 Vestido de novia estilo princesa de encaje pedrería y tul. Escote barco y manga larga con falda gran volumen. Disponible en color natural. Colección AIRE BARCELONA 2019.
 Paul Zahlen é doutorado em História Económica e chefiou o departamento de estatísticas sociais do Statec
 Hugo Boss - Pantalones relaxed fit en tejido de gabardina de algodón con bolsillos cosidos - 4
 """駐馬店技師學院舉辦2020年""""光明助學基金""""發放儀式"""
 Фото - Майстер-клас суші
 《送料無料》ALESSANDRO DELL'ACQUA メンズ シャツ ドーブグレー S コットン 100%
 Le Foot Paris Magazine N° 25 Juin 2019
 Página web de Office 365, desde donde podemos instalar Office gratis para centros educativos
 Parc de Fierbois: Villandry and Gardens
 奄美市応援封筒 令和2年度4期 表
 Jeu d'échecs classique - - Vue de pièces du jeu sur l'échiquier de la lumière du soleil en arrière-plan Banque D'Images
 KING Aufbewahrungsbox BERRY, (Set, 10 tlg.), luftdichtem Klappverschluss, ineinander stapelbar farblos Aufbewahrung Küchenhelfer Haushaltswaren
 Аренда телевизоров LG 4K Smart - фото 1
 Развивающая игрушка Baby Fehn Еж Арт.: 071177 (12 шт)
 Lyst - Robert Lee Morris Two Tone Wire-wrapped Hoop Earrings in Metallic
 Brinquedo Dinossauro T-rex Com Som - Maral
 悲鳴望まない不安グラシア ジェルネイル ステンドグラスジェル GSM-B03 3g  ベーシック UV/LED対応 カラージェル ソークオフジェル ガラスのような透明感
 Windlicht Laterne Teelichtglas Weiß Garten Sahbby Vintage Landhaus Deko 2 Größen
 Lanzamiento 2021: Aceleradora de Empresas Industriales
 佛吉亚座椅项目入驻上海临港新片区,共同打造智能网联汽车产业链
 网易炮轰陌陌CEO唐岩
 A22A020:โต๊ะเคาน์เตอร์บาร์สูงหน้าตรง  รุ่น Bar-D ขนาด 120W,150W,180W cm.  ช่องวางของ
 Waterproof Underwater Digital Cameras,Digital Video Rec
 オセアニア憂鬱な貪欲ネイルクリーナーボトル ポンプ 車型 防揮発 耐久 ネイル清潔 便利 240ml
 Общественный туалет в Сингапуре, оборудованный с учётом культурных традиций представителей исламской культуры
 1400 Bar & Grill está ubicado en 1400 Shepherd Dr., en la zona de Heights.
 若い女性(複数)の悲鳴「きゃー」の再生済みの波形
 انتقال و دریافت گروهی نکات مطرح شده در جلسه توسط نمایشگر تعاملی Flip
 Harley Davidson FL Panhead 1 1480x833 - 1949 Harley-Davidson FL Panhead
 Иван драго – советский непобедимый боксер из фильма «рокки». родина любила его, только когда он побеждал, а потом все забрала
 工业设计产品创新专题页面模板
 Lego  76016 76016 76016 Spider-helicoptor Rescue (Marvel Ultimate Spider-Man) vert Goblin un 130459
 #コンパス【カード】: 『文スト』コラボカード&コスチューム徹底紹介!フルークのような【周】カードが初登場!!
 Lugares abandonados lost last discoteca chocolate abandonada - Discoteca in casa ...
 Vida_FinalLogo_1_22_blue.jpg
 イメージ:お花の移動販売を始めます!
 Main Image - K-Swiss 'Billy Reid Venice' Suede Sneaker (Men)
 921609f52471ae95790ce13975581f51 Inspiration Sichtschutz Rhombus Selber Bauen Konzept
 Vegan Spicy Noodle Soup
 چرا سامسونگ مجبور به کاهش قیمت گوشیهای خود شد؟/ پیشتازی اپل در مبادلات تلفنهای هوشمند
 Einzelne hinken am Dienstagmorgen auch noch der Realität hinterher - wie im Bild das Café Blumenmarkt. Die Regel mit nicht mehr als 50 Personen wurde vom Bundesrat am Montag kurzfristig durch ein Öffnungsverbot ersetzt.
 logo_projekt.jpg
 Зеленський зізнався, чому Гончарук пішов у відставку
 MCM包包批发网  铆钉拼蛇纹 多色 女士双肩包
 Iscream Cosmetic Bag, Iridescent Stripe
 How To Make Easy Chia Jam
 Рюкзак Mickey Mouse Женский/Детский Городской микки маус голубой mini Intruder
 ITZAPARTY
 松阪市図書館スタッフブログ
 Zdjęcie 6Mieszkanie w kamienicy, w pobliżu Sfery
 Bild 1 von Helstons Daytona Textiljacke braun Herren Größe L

- - - - -

Begin at the top of the listing above and set down each line exactly. Stop after the line that contains "Jeu d'échecs classique".

 Vestido de novia estilo princesa de encaje pedrería y tul. Escote barco y manga larga con falda gran volumen. Disponible en color natural. Colección AIRE BARCELONA 2019.
 Paul Zahlen é doutorado em História Económica e chefiou o departamento de estatísticas sociais do Statec
 Hugo Boss - Pantalones relaxed fit en tejido de gabardina de algodón con bolsillos cosidos - 4
 """駐馬店技師學院舉辦2020年""""光明助學基金""""發放儀式"""
 Фото - Майстер-клас суші
 《送料無料》ALESSANDRO DELL'ACQUA メンズ シャツ ドーブグレー S コットン 100%
 Le Foot Paris Magazine N° 25 Juin 2019
 Página web de Office 365, desde donde podemos instalar Office gratis para centros educativos
 Parc de Fierbois: Villandry and Gardens
 奄美市応援封筒 令和2年度4期 表
 Jeu d'échecs classique - - Vue de pièces du jeu sur l'échiquier de la lumière du soleil en arrière-plan Banque D'Images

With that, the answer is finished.